Filter the records below for the word "voor". Copy each line that holds it.
**********
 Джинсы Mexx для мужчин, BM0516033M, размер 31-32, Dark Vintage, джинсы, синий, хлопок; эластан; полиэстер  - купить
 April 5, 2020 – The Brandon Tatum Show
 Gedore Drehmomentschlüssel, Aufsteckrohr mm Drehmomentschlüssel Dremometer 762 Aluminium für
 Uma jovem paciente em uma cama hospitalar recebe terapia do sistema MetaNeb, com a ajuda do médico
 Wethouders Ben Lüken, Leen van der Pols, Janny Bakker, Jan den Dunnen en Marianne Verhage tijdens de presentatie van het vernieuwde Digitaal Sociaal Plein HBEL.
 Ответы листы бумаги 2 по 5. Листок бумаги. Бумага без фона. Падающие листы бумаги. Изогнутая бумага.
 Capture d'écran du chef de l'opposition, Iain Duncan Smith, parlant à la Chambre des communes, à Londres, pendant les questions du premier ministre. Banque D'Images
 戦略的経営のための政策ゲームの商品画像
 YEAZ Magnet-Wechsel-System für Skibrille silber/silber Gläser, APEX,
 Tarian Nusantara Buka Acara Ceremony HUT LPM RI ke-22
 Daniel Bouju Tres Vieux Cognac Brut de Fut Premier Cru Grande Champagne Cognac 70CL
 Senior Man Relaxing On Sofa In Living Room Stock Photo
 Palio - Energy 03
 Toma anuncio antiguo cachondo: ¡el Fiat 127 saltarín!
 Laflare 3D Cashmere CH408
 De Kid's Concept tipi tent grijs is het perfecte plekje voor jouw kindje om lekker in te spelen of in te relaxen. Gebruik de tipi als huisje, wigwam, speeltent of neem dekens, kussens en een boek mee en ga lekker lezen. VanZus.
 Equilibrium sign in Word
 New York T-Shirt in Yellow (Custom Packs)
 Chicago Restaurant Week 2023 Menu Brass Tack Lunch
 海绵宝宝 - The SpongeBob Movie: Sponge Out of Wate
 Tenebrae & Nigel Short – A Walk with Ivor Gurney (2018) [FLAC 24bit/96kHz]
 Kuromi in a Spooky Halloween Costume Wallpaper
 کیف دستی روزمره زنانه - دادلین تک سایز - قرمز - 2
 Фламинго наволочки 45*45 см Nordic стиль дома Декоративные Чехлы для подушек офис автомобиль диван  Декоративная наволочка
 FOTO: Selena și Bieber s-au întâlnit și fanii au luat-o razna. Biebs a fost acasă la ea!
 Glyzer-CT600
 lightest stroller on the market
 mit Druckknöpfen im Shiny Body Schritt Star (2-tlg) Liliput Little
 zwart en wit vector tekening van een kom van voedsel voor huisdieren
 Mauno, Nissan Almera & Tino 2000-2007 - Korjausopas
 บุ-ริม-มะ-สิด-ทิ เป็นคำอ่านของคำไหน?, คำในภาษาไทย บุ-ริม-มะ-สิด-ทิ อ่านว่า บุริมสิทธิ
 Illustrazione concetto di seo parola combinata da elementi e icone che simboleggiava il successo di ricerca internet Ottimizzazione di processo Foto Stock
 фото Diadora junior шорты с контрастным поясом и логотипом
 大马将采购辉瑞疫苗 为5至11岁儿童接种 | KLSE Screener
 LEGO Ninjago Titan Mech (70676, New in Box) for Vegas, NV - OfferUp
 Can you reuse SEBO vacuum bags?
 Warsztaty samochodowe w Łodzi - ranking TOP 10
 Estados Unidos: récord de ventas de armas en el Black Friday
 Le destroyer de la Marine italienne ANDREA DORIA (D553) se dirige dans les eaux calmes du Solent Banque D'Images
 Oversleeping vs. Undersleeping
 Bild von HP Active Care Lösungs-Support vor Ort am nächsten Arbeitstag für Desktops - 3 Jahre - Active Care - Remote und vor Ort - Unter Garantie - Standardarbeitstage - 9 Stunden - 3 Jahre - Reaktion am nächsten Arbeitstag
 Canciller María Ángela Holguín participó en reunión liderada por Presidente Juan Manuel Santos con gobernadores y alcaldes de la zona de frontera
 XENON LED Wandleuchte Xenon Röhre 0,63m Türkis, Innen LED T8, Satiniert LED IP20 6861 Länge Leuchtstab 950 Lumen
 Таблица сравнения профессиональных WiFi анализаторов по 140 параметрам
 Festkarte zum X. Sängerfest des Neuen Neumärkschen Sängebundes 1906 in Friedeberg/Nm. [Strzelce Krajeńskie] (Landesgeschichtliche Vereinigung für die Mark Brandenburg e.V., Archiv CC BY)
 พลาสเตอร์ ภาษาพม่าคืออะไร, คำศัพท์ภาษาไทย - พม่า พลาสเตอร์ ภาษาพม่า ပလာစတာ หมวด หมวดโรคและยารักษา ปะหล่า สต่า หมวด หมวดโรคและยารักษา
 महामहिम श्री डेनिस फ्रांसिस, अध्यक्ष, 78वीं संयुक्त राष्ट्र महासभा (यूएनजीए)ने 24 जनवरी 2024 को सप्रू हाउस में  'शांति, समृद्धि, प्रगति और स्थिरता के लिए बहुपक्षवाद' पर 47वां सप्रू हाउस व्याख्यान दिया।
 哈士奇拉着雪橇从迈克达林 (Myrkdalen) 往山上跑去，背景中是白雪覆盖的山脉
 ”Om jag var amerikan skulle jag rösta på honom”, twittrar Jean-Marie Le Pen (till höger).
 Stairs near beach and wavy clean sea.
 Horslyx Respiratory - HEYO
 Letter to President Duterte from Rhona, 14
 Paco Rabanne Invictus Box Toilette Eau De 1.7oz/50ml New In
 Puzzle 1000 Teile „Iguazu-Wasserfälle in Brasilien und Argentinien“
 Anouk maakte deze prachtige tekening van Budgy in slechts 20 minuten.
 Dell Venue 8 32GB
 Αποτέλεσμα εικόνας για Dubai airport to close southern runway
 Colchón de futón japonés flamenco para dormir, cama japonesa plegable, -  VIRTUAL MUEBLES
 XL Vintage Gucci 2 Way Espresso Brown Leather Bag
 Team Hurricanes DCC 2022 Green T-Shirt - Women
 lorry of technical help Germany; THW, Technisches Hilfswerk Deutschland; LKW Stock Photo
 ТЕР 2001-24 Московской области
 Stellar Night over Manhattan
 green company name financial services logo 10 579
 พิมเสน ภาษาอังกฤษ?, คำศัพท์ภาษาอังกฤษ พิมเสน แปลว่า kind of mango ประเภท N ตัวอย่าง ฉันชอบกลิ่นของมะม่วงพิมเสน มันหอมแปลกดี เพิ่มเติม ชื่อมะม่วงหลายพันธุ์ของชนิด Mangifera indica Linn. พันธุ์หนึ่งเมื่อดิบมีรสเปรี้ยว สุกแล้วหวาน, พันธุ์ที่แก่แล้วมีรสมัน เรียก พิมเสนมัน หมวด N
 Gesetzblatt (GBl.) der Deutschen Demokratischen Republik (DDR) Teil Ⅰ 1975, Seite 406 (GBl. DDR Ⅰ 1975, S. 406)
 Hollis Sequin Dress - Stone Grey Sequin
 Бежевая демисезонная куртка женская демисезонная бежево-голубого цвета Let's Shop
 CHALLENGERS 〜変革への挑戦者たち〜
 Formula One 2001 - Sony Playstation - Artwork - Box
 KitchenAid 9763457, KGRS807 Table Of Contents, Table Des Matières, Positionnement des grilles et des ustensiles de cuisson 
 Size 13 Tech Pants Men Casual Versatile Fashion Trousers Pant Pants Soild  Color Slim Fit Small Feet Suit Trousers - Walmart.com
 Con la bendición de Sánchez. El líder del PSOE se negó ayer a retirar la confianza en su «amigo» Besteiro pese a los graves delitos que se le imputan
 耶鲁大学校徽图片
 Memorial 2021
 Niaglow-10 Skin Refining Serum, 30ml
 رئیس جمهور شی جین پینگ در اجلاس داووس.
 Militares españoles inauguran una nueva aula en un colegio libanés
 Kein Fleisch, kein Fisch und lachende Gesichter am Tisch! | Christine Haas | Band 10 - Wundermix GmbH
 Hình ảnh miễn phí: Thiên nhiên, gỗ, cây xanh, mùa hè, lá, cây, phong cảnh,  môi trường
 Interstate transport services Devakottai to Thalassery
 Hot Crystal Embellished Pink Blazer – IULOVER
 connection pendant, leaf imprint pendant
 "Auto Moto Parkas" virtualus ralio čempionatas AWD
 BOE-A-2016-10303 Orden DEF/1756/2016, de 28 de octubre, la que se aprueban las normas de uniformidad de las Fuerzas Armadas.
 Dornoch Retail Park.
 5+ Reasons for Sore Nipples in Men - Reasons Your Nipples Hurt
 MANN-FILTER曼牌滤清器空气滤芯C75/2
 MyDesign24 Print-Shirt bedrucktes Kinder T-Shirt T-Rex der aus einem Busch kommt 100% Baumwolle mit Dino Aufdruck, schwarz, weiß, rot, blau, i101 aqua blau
**********
• [Reply]
 De Kid's Concept tipi tent grijs is het perfecte plekje voor jouw kindje om lekker in te spelen of in te relaxen. Gebruik de tipi als huisje, wigwam, speeltent of neem dekens, kussens en een boek mee en ga lekker lezen. VanZus.
 zwart en wit vector tekening van een kom van voedsel voor huisdieren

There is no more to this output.